NBA players protest over police killings

Basketball stars in New York wore shirts invoking the last words of Eric Garner.

LeBron James of the Cleveland Cavaliers wears an “I Can’t Breathe” shirt during warm-ups before his game against the Brooklyn Nets during their game at the Barclays Center on 8 December, 2014 in New York City. Picture: AFP.

NEW YORK/BERKELEY - Shopkeepers boarded up windows in California and basketball stars in New York wore shirts invoking the last words of Eric Garner, a black man who died after a police chokehold, amid racially charged protests Monday over a grand jury's failure to indict the white officer involved.

Cleveland Cavaliers forward LeBron James and other players wore T-shirts emblazoned with the words "I CAN'T BREATHE" in pre-game warm-ups in at Barclay's Center in Brooklyn, where Prince William and his wife Kate were among thousands who came to see the team play the Brooklyn Nets.

Also on Monday, New York State's top prosecutor sought the power to probe all police killings of unarmed civilians in his state, following sometimes violent US protests after two grand juries declined to indict officers in the deaths of unarmed black men.

"The horrible events surrounding the death of Eric Garner have revealed a deep crisis of confidence in some of the fundamental elements of our criminal justice system," New York Attorney General Eric Schneiderman said in a statement.

"Nothing could be more critical for both the public and the police officers who work tirelessly to keep our communities safe than acting immediately to restore trust."

Schneiderman said action was needed to address a "crisis of confidence" in the criminal justice system.

Cities across the United States have seen large protests in recent nights following the failure to indict anyone over the death in July of Garner, an unarmed black father of six, which happened after police put him in a banned chokehold.

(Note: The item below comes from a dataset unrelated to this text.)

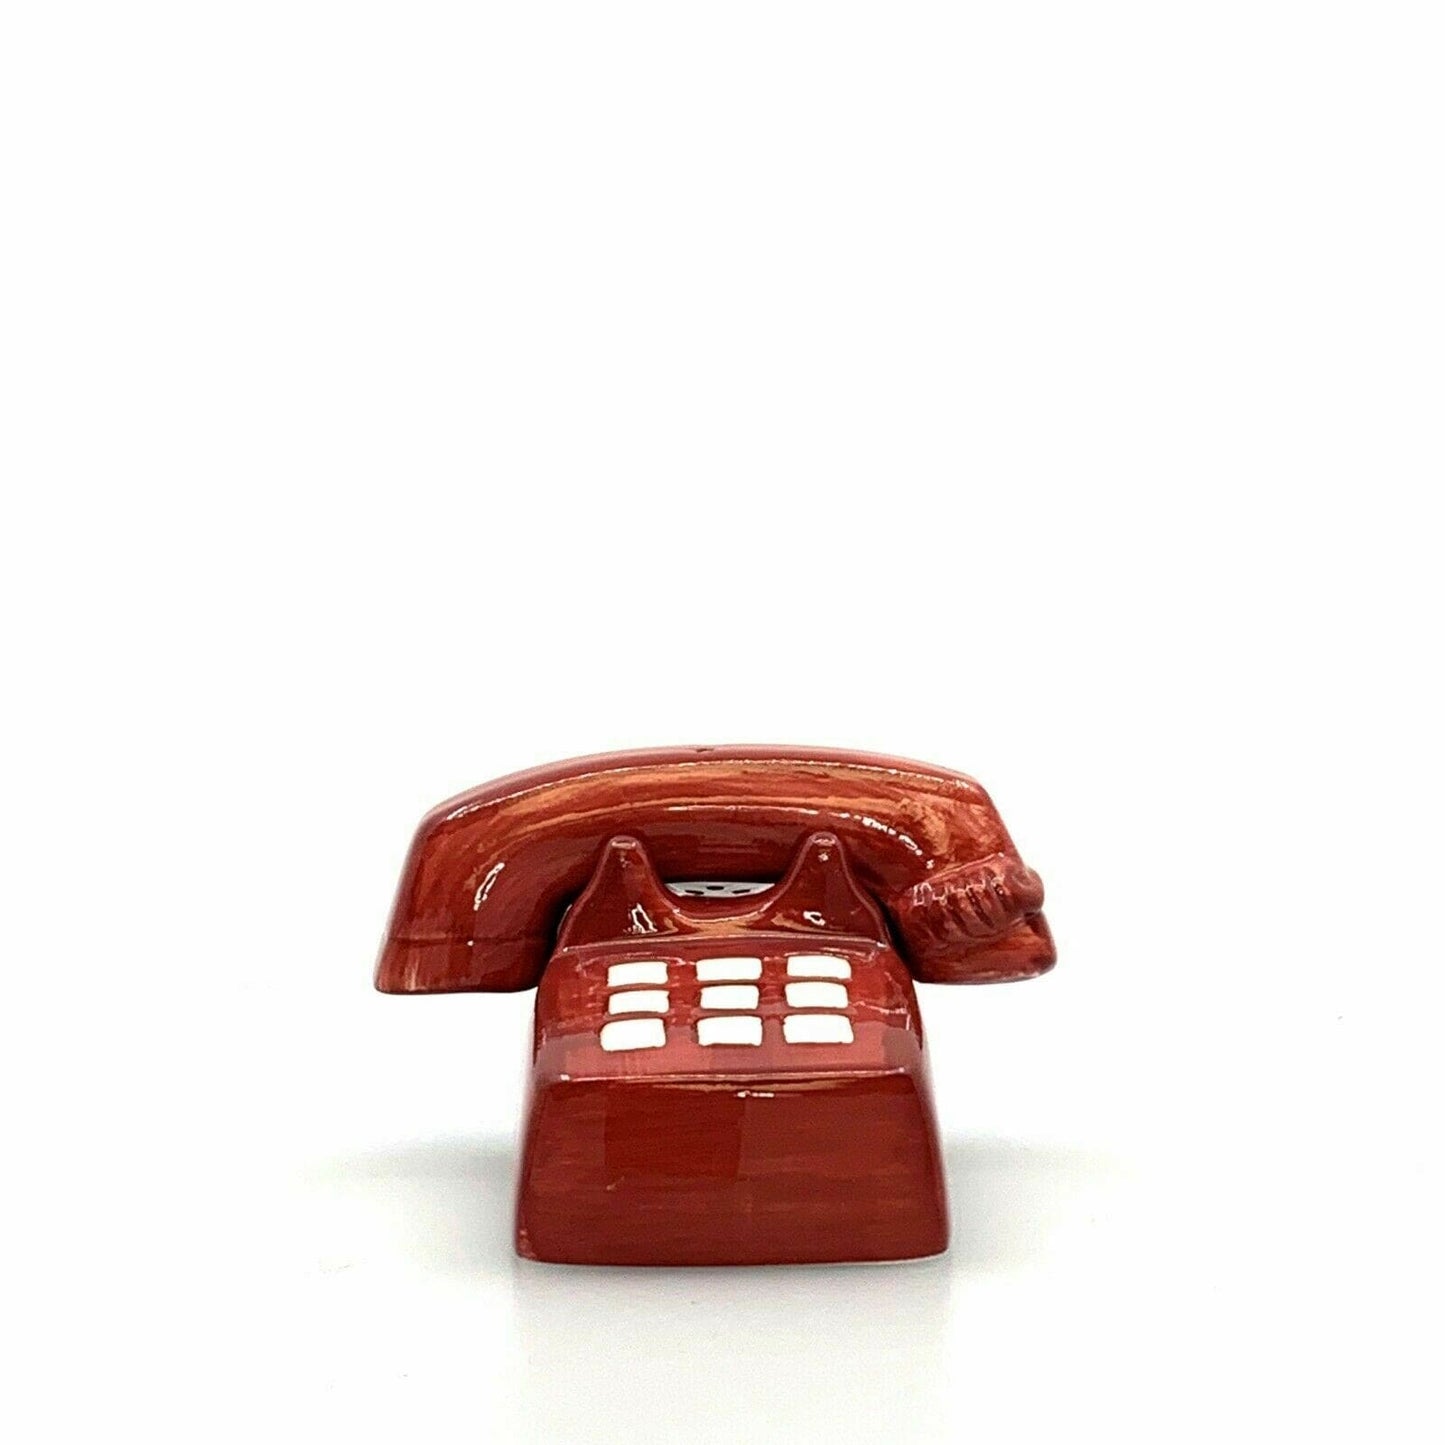 SAKURA VINTAGE RED TELEPHONE SALT & PEPPER SHAKER SET

The decision in the Garner case came a little more than a week after a Missouri grand jury cleared an officer in the August fatal shooting of an unarmed black teen, Michael Brown.

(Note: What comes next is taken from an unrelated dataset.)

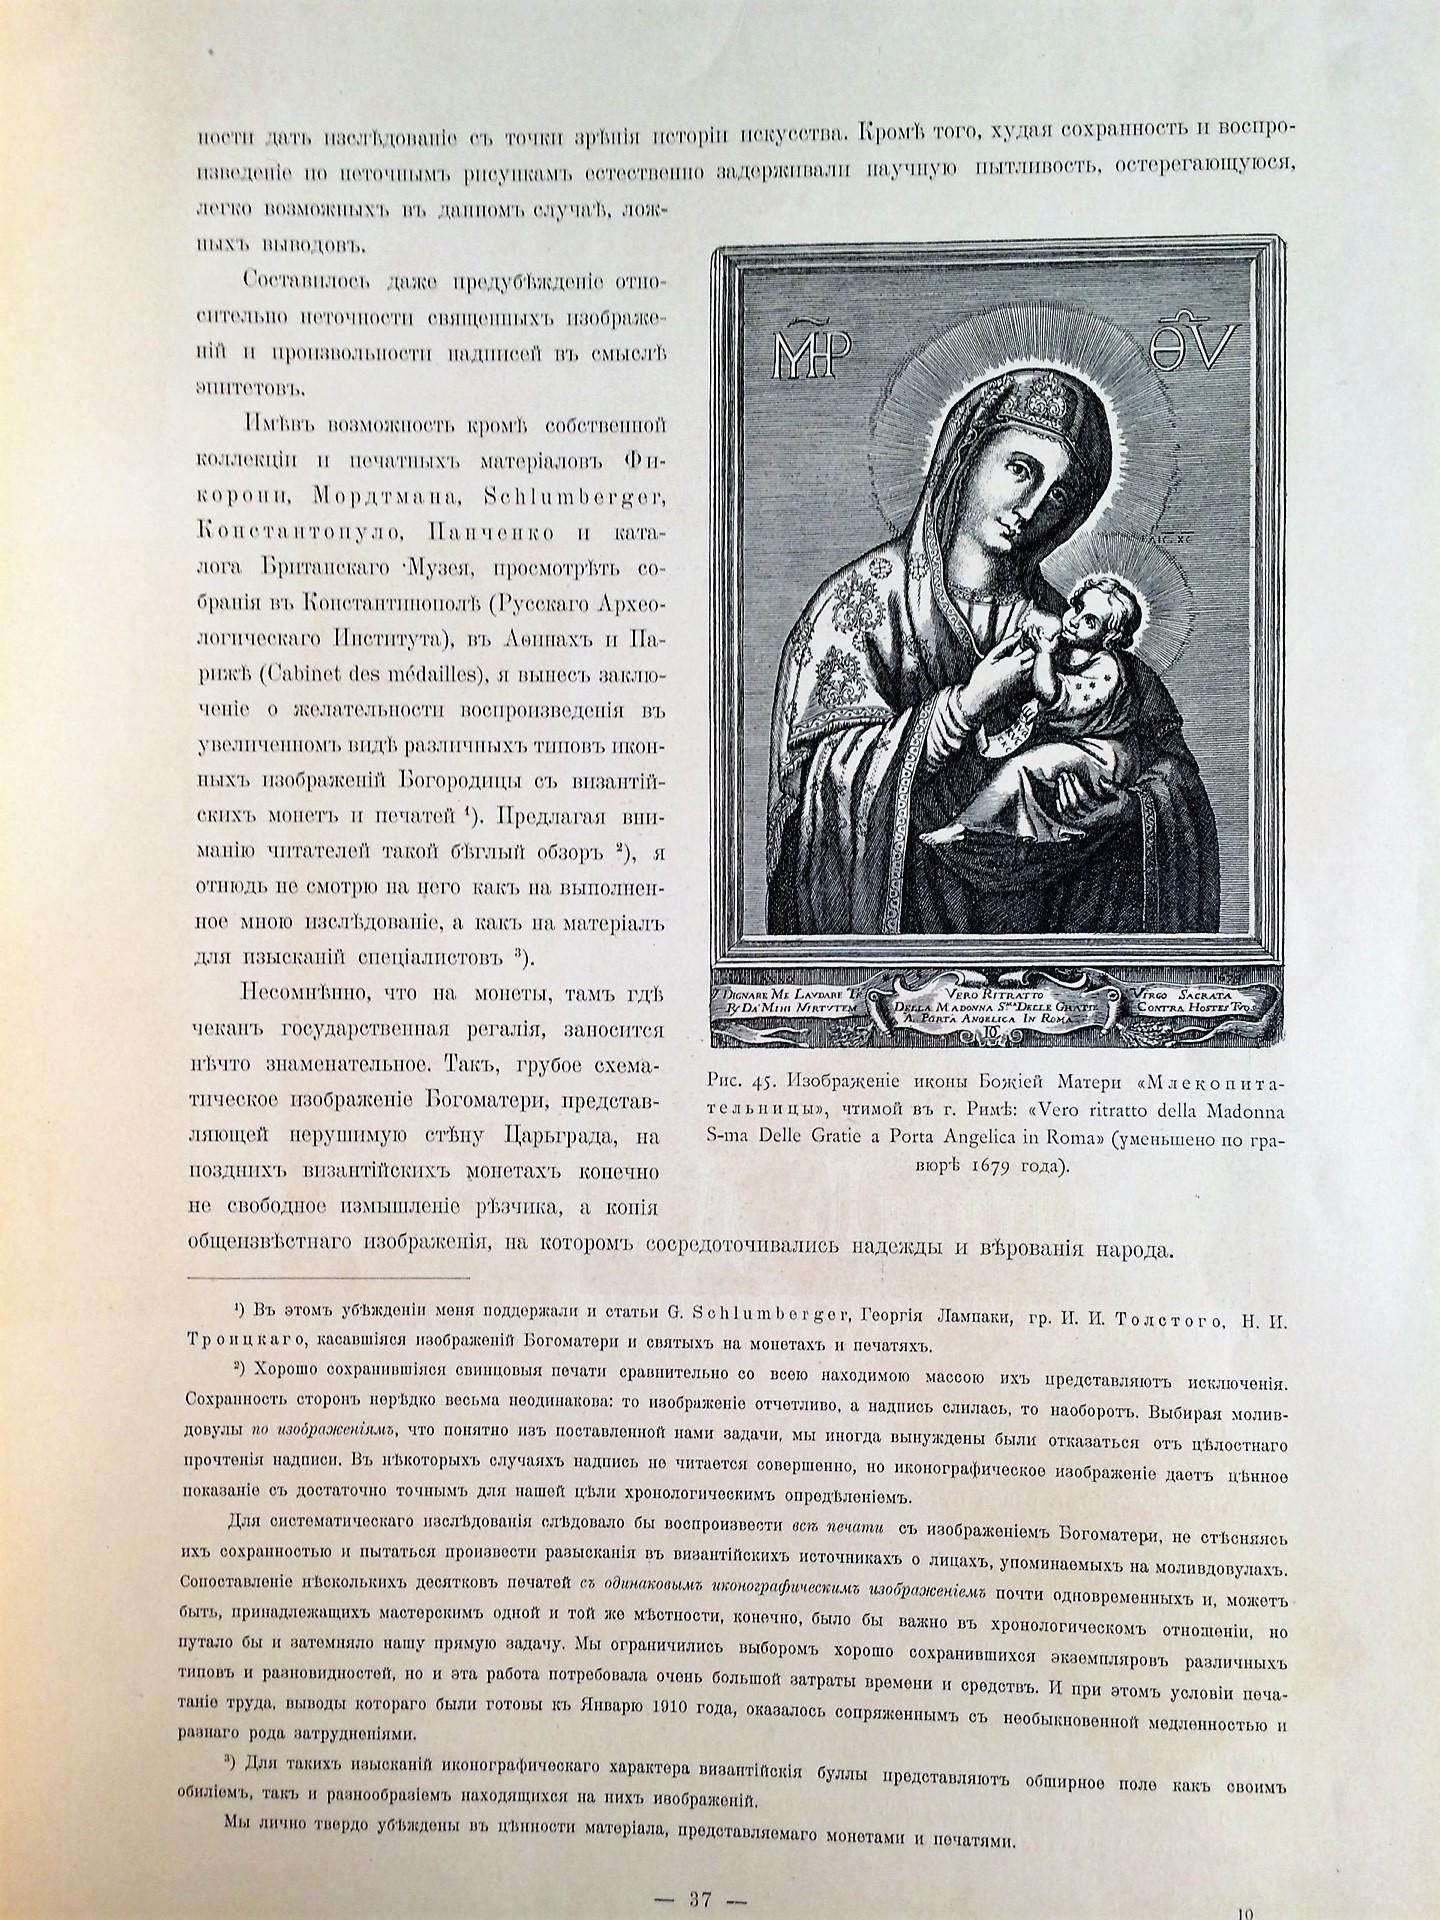  Историческое значение итало-греческой иконописи, изображения Богоматери в произведениях итало-греческих иконописцев и их влияние на композиции некоторых православных русских икон.

In the California college town of Berkeley near San Francisco, businesses closed early and officials at the University of California urged calm a day after protesters hurled rocks and other objects at police who responded with tear gas.

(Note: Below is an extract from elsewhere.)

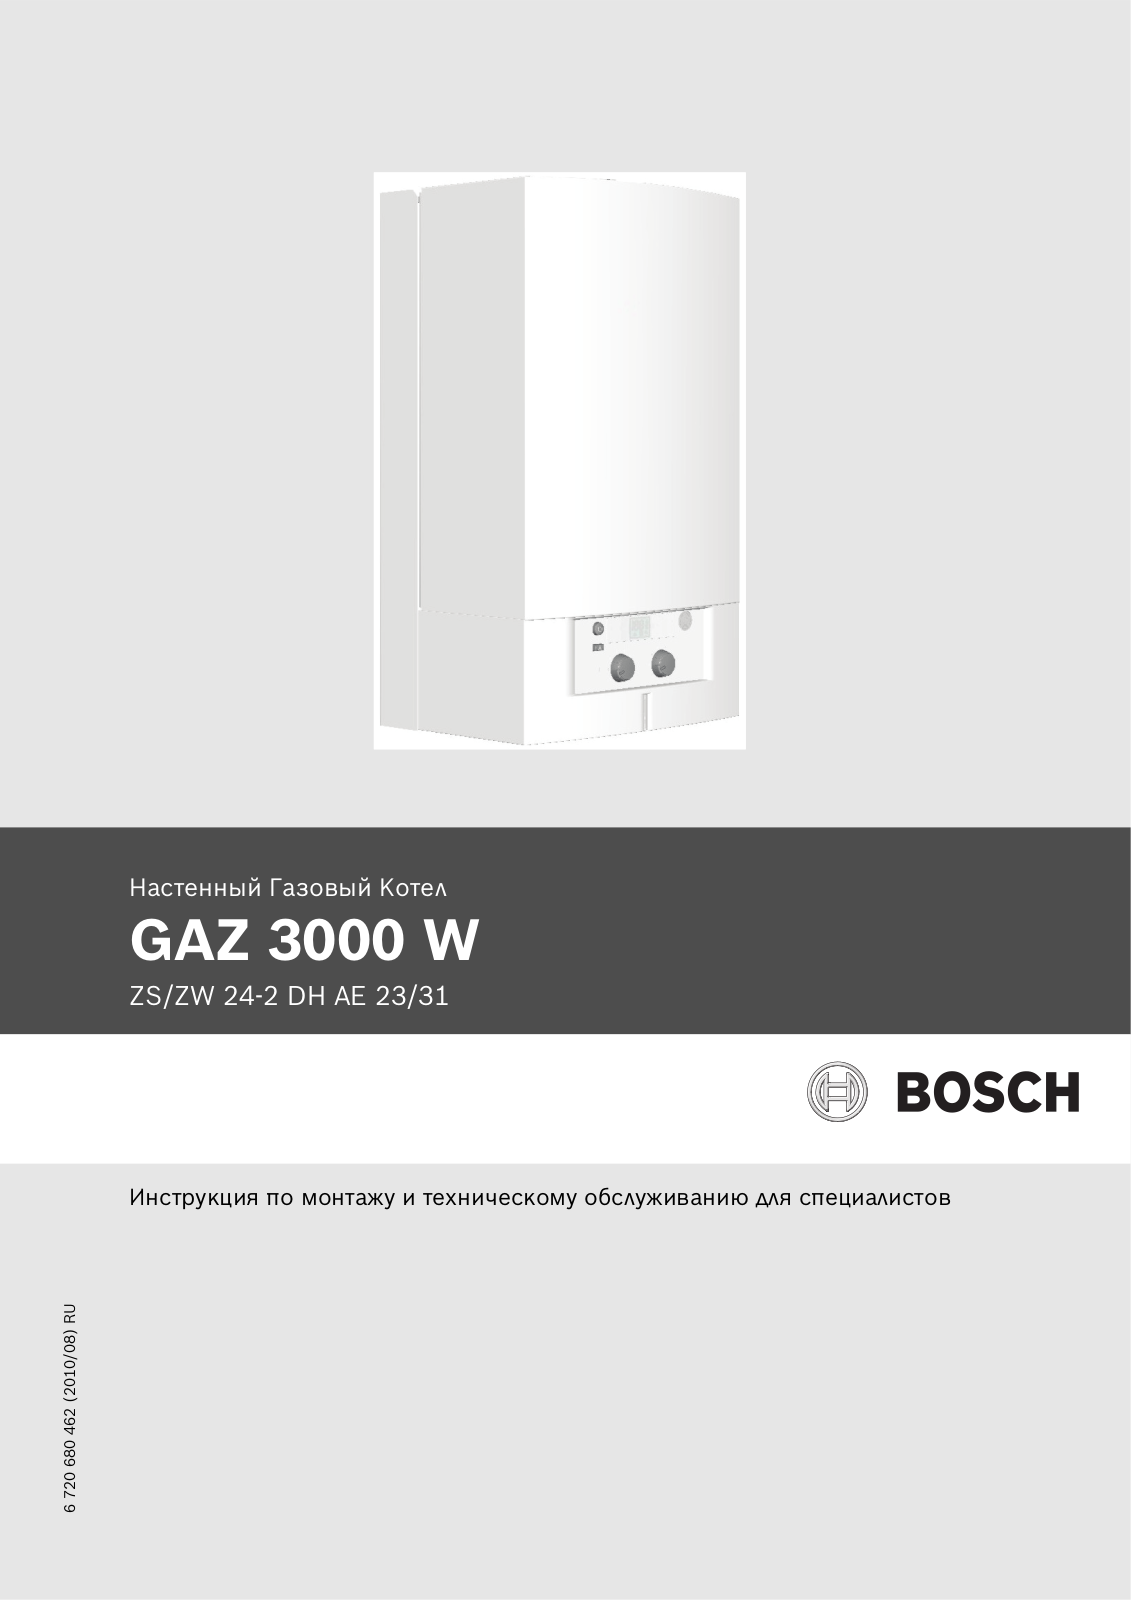 BOSCH Gaz 3000 W User Manual

The student advocate's office at the University of California, Berkeley, said on Twitter that it would distribute kits including water, disinfectant wipes, masks and gauze in advance of more protests scheduled for Monday night.

Outside of Barclay's Center, a group of about 300 protesters blocked streets and chanted, "I can't breathe," in memory of Garner, and "Hands up, don't shoot," a reference to Brown's death in the St. Louis suburb of Ferguson.

Some in the crowd rushed to the barricades in front of Barclay's Center as ticket-holders waited to go in. A small group entered a Target store, but left after police officers moved in.

It remained unclear whether New York's Governor Andrew Cuomo would grant Schneiderman the powers he is seeking.

Like the Democratic mayor of New York, Cuomo has tried to walk a fine line between expressing concern about a grand jury's decision not to charge a police officer in the death of Eric Garner without alienating police.

"We are reviewing the attorney general's proposal," said Cuomo spokeswoman Melissa DeRosa, adding that the governor plans a "top to bottom review" of the system.

The order, if signed, would only affect new cases of unarmed civilians killed by police, not Garner or Akai Gurley, 28, whom a police officer shot dead in the dark stairway of a Brooklyn apartment building last month.

US Attorney General Eric Holder, whose office is investigating the Garner case, on Monday unveiled a set of changes to federal law enforcement guidelines intended to set an example for local police, according to a Justice Department official.

Several members of the New York City Council joined in the protests over the decision not to indict Garner on Monday when they staged a "die-in" on the steps of City Hall.

In Cleveland, where the US Justice Department last week said police routinely use excessive force, Samaria Rice, the mother of a 12-year-old African-American boy shot dead by police in November, spoke to the media on Monday for the first time since her son's death.

Rice's son, Tamir Rice, was shot near a recreation center while carrying a pellet gun that was a replica of a real gun.

The boy's family has filed a federal civil rights lawsuit against the city and the two officers involved, one who shot Rice on 22 November and one who was driving the police car.

"I'm actually looking for conviction," Rice told reporters. "Tamir was a bright child, he had a promising future and he was very talented in all sports: soccer, basketball, football. He was my baby."


Police in Berkeley, California, on Monday said they made five arrests during Sunday night protests, when a crowd of more than 500 people threw rocks and other objects at police and a number of stores were looted.

One protester who tried to prevent the looting was assaulted, police said.

The two nights of looting on the West Coast contrasted with mostly peaceful demonstrations elsewhere around the United States following the decision not to indict New York Police Department officer Daniel Pantaleo for the death of Garner, 43.

While no criminal charges have been brought, the NYPD is conducting an internal investigation into the case.

The probe into whether Pantaleo broke any department rules could take four months, officials have said.

The Justice Department is also investigating the case.